What would be the reactions of both Justice Mustapha Akanbi and Gani Fawehinmi to the President’s revelation that “it is no secret that this government is dissatisfied with the alarming rate in which the Supreme Court of Nigeria under the oversight of Chief Justice Walter Onnoghen has serially set free, persons accused of the most dire acts of corruption, often on mere technicalities, and after quite a number of them have been convicted by the trial and appellate courts”?
Why on earth would a set of lawyers for whatever reason seek “restraining court orders” to prevent accountability on the part of the head of the nation’s judiciary to evade accountability? Why “shopping” for restraining court orders in a National Industrial Court meant for dispute resolution mainly in “matters relating to or connected with any labour, employment, trade unions, industrial relations and matters arising from workplace, the conditions of service, including health, safety, welfare of labour, employee, worker and matter incidental thereto or connected therewith”?
I was also a labour delegate of 2014 National Conference during the Jonathan administration.
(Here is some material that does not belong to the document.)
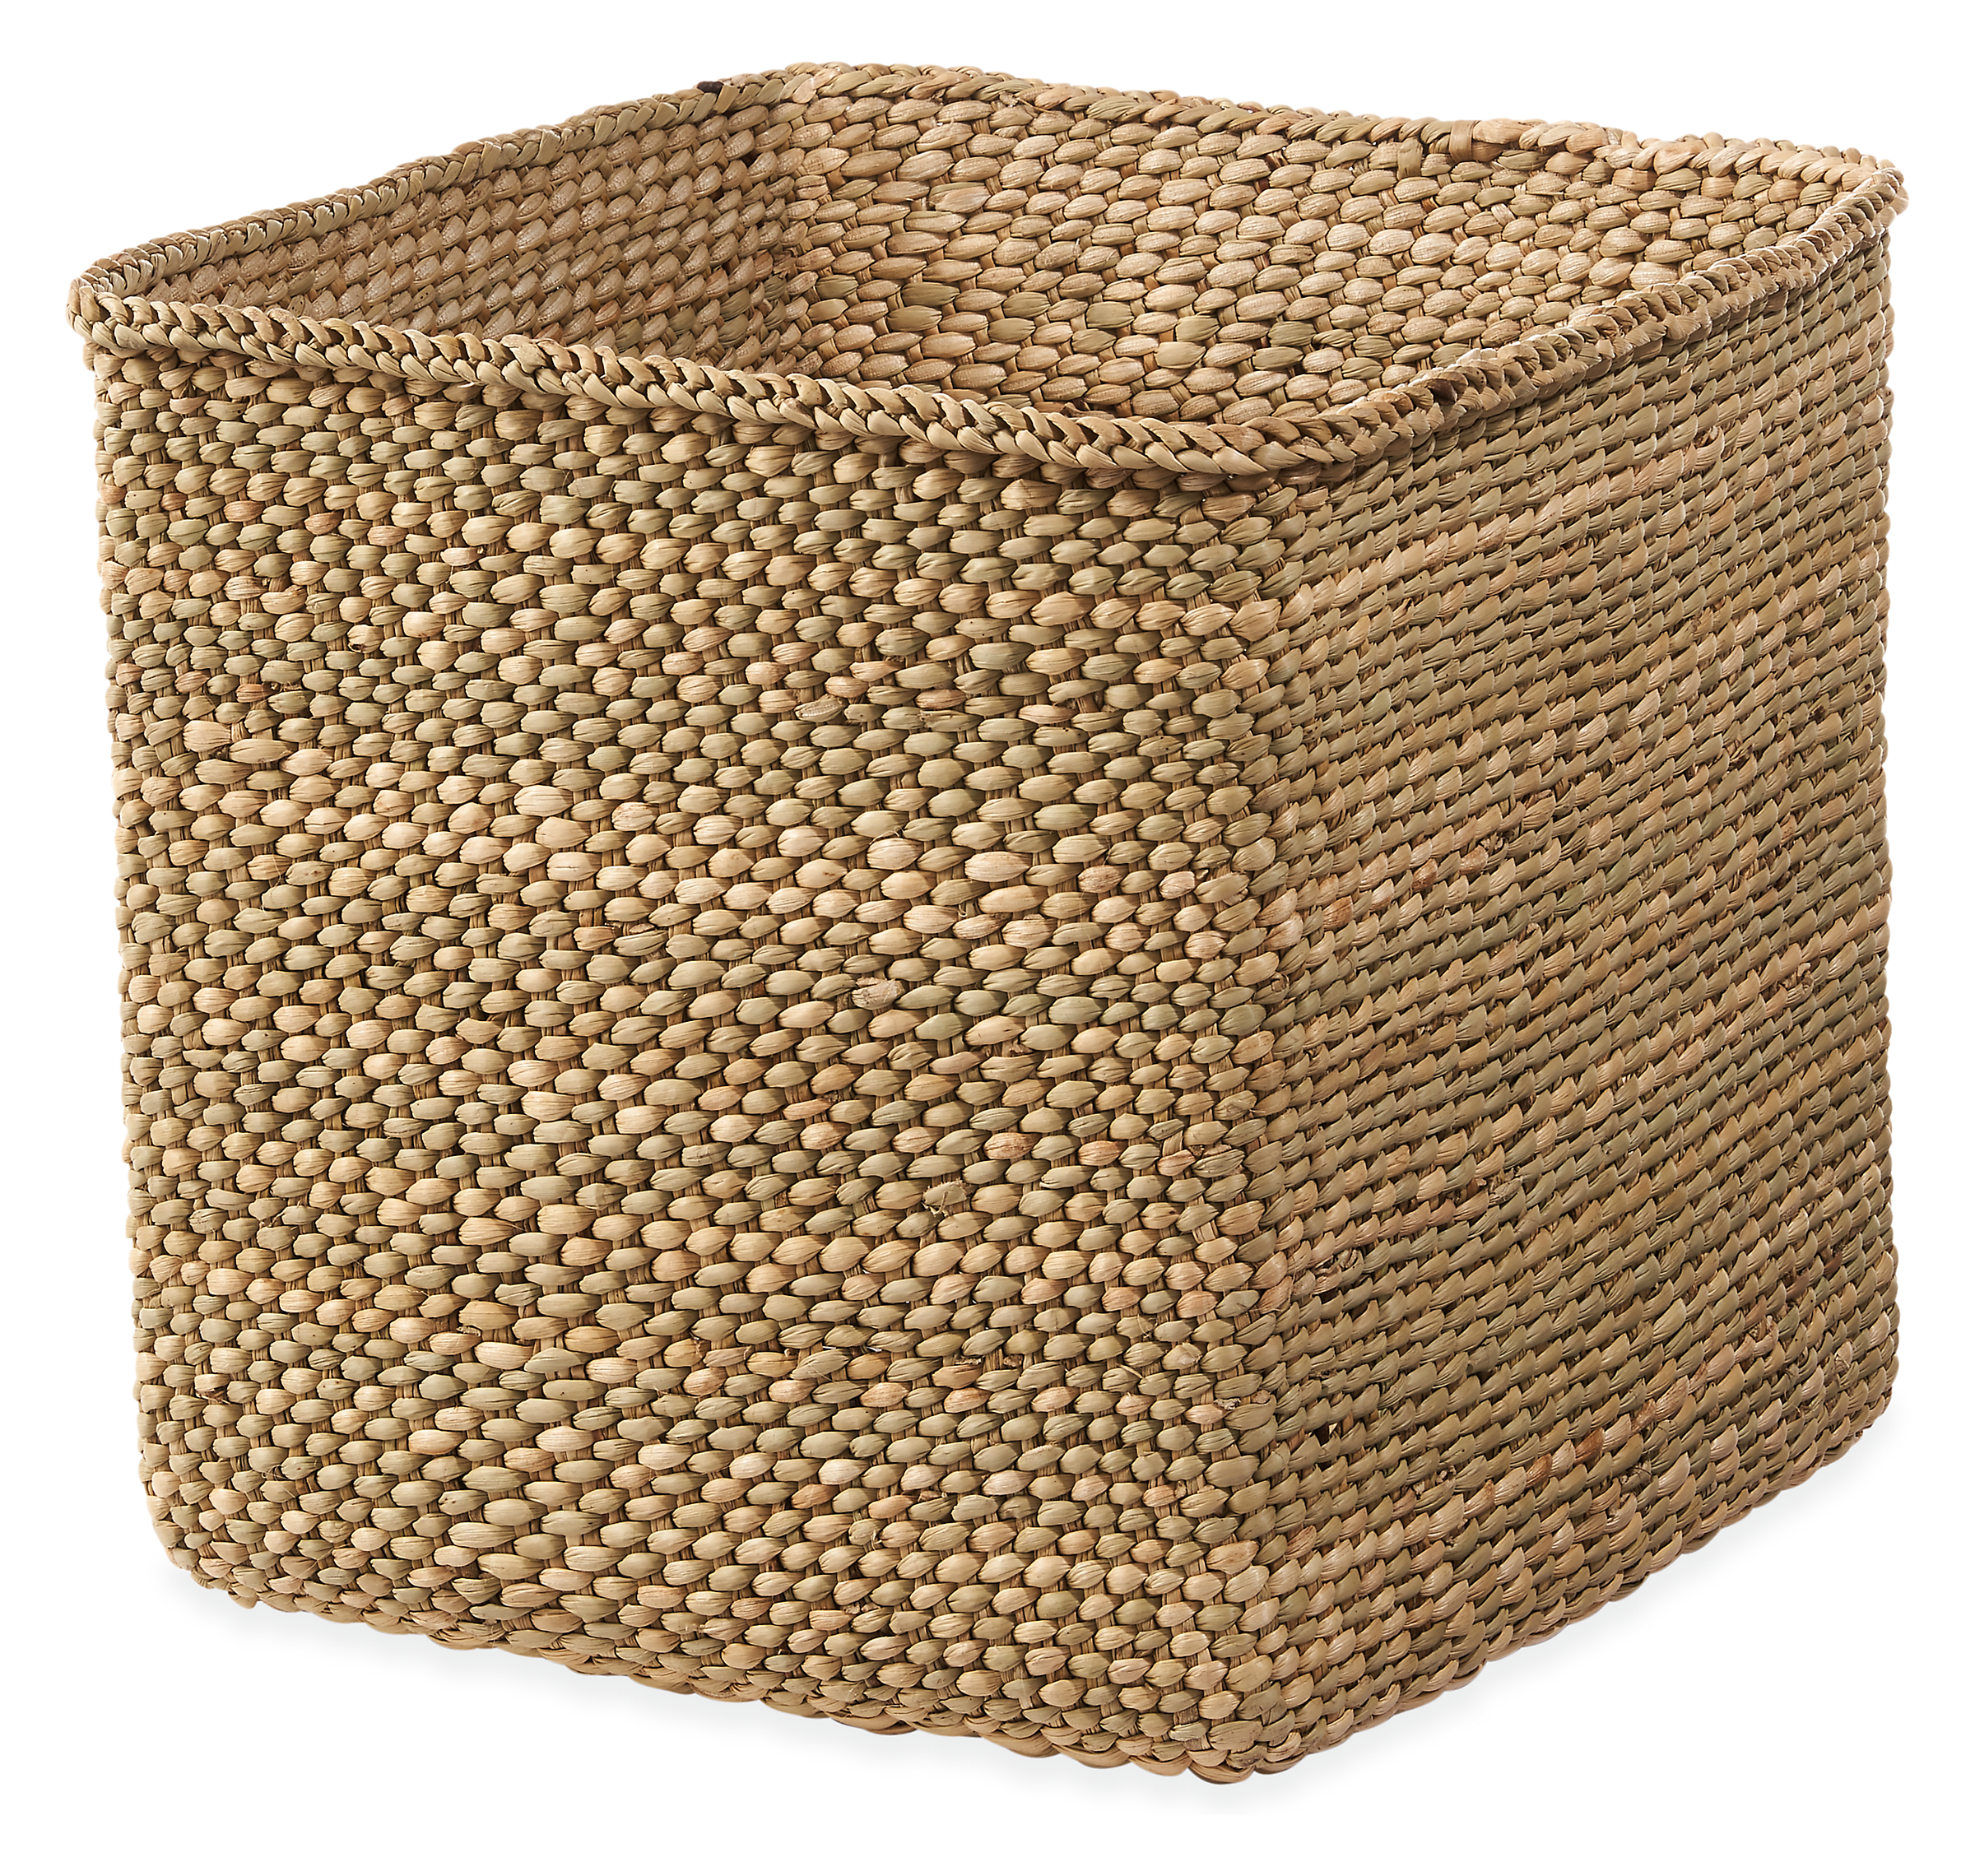 Iringa 10w 10d 10h Storage Basket

It’s time President Buhari administration revisited the recommendation of the confab with respect to appointment of judicial officers. One of the critical resolutions is that the “ process leading to and concerning the appointment of judicial officers should be advertised, done openly and transparently and essentially on merit.” What is as well at stake in the chief justice saga was the character and principles of the judicial officer in the eye of the storm.
There are varying perceptions of the positions and methodologies of the late progressive Advocate and irrepressible human rights activist, Chief Gani Fawehinmi SAN on topical national issues of the times he was alive. However there was (and there is!) Still a consensus that the late non-state actor was a fighter both in words and deeds against corruption, which President Muhammed Buhari had rightly observed, could kill the republic if we do not exorcise it. What would be his reaction to the current chief justice saga?
What would be the reactions of Justice Mustapha Akanbi who audaciously prosecuted a number of judges on account of graft?
In one of Justice Akanbi’s last interviews entitled “Corruption Will Kill Nigeria.” he had this say: “When it comes to the judiciary, it is my constituency and I don’t want to run that institution down. But there is the need for those in authority to look at the judges they have now. There was a case in which we arrested a gentleman and took the person to court. After we sought leave of the High Court to prosecute the gentleman – I don’t want to mention his name – we were granted leave and he was asked to be locked up so that later the matter would be taken up. When the matter came to court the following day, the gentleman applied for bail.
Curiously, the same judge who granted leave for us to prosecute him, instead of deciding the application for bail, he just discharged and acquitted him when there was no application for discharge and acquittal. Was that judge acting in ignorance? Or had he an ulterior motive? Or did he claim ignorance of the law on application for bail? Instead of deciding it, he unilaterally discharged and acquitted the person. We appealed, the appeal was allowed and the gentleman was rearrested before I left the office. I don’t know what happened after that”. This might be a case of like with unlike, but the principle is the same that the judiciary like all institutions must engage in self-critical assessment.”
*Comrade Aremu, Member National Institute, is the Labour Party (LP) governorship candidate in Kwara State.